[WHAT THIS TASK INVOLVES]: In the data below, which lines hold the word "Blek"? Copy them.

[DATA PROVIDED]:
━━━━━━━━━━
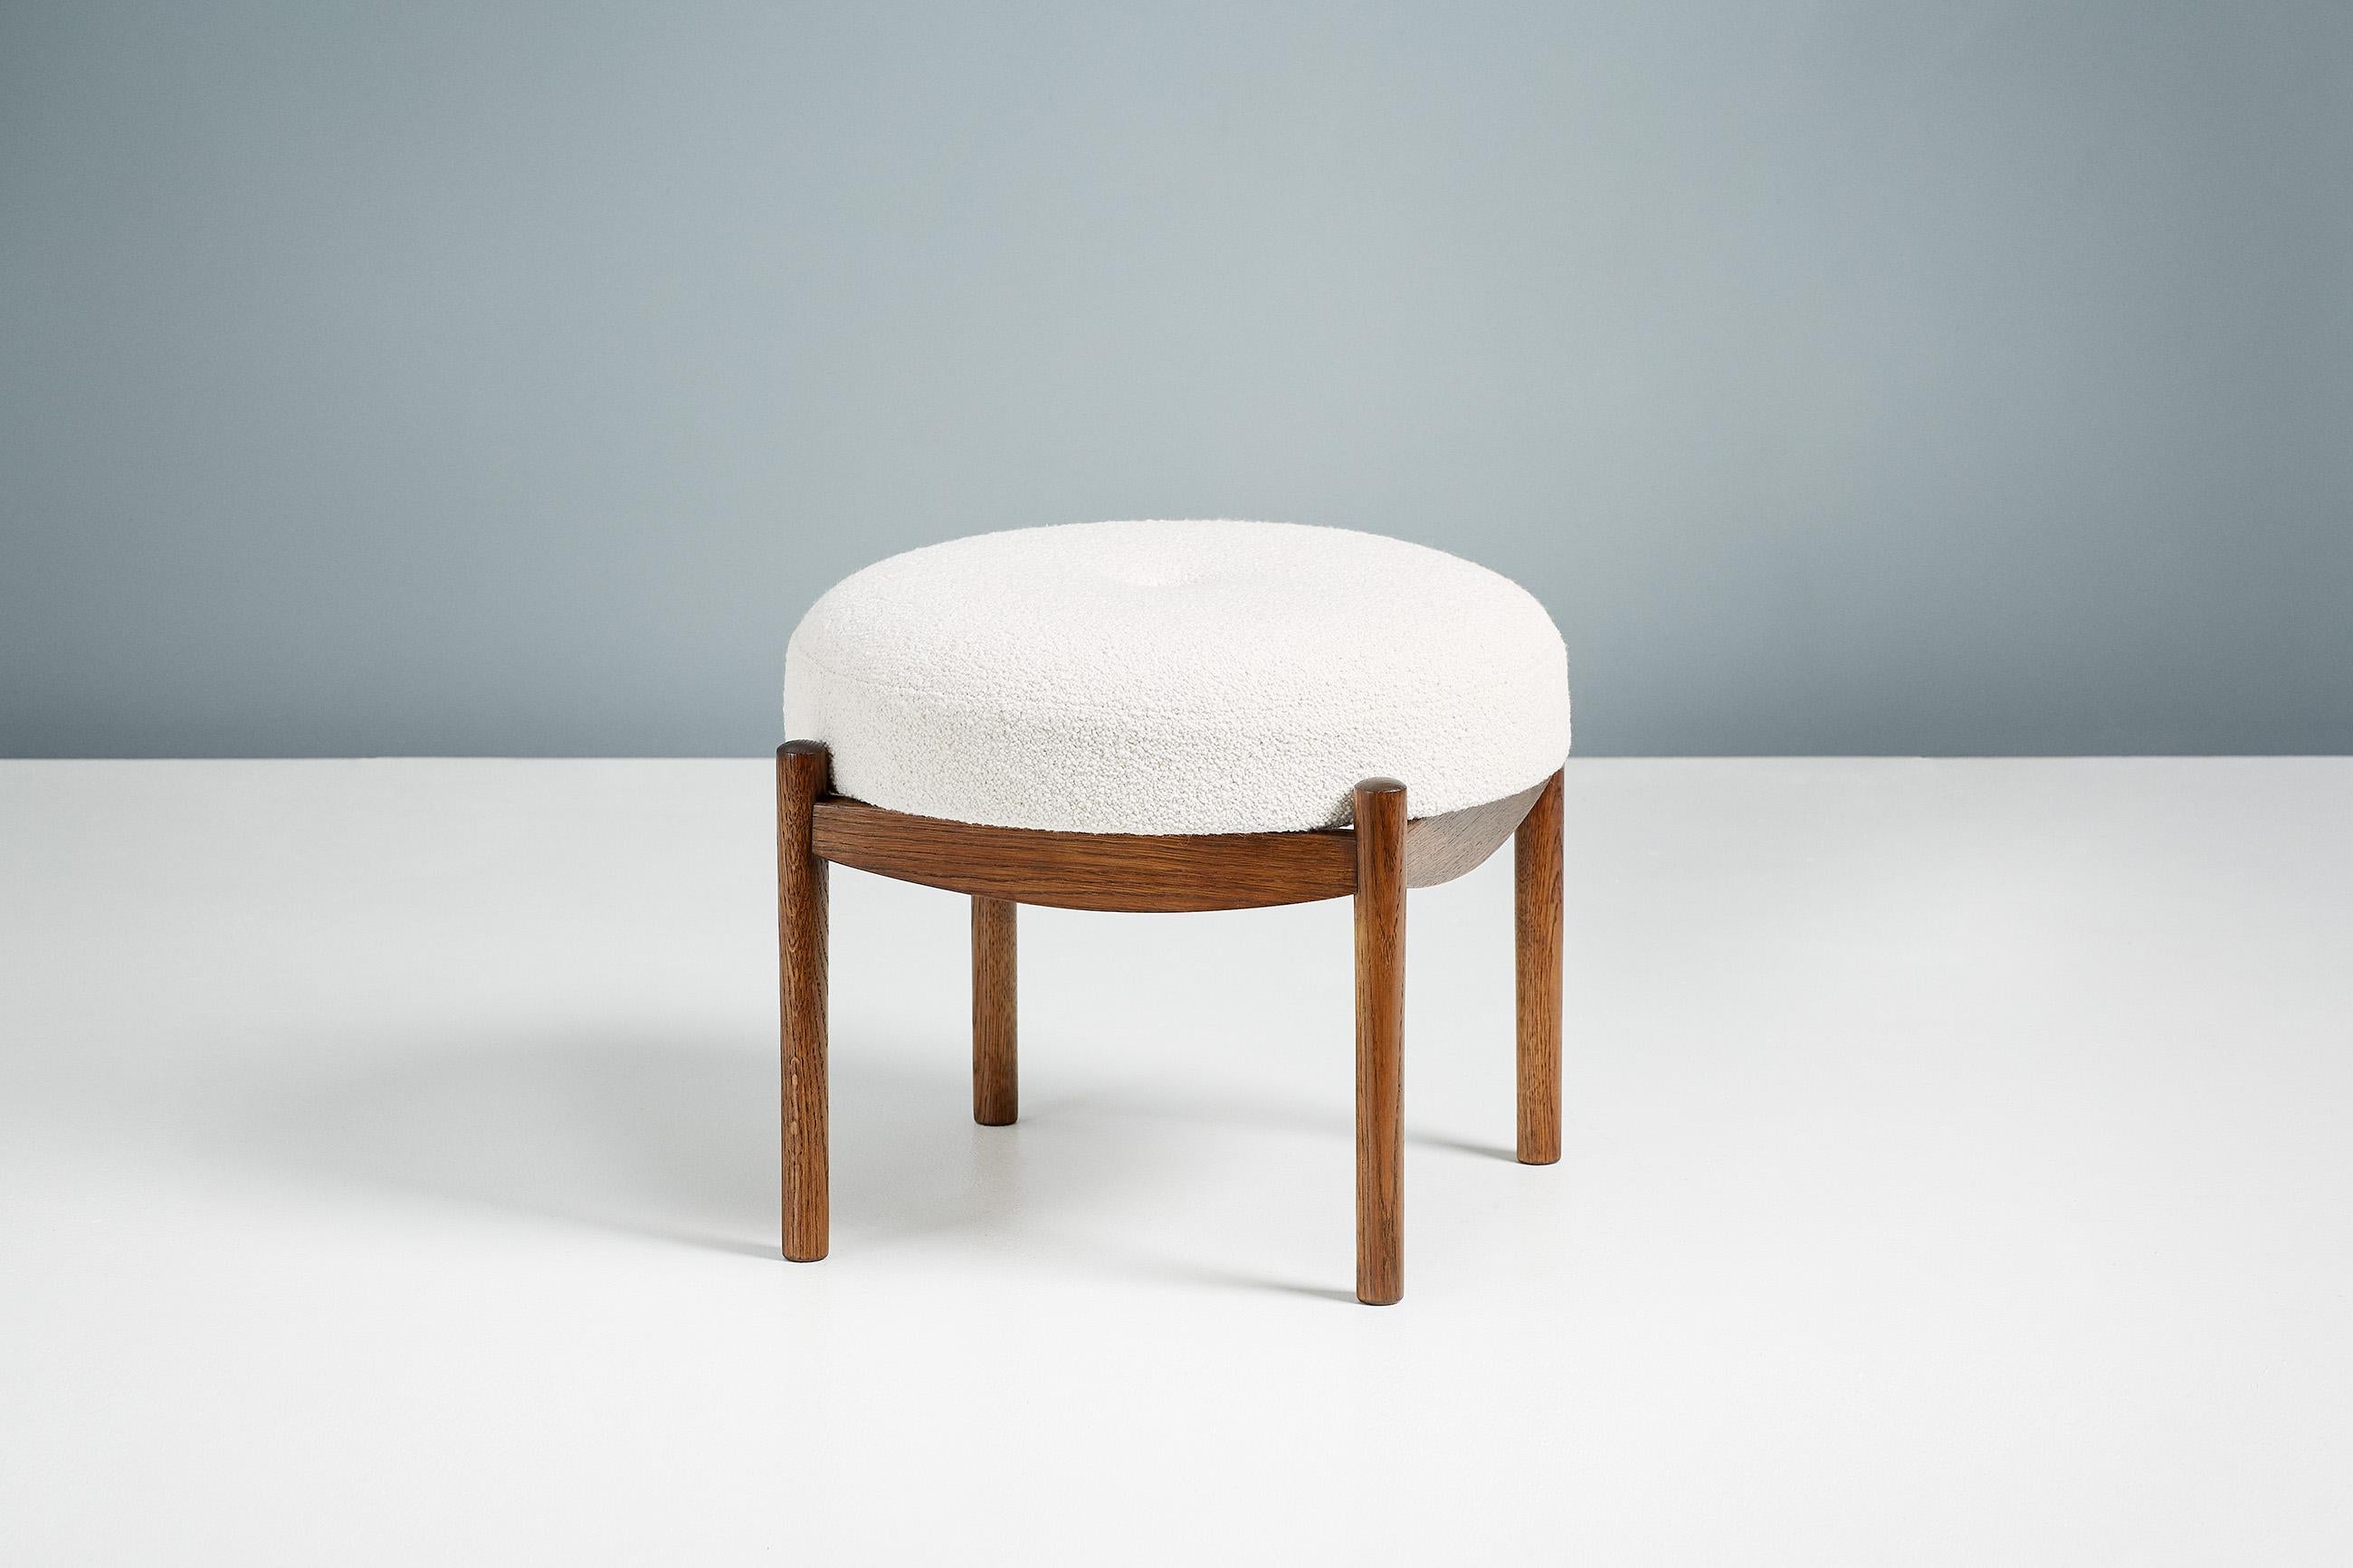 Dagmar Design

Blek Ottoman

A custom-made round ottoman with solid wood frame developed & produced at our workshops in London. These examples have frames in fumed oak with seats upholstered in off-white boucle. 

Blek is available to order in
━━━━━━━━━━
[SOLUTION]:
Blek Ottoman
Blek is available to order in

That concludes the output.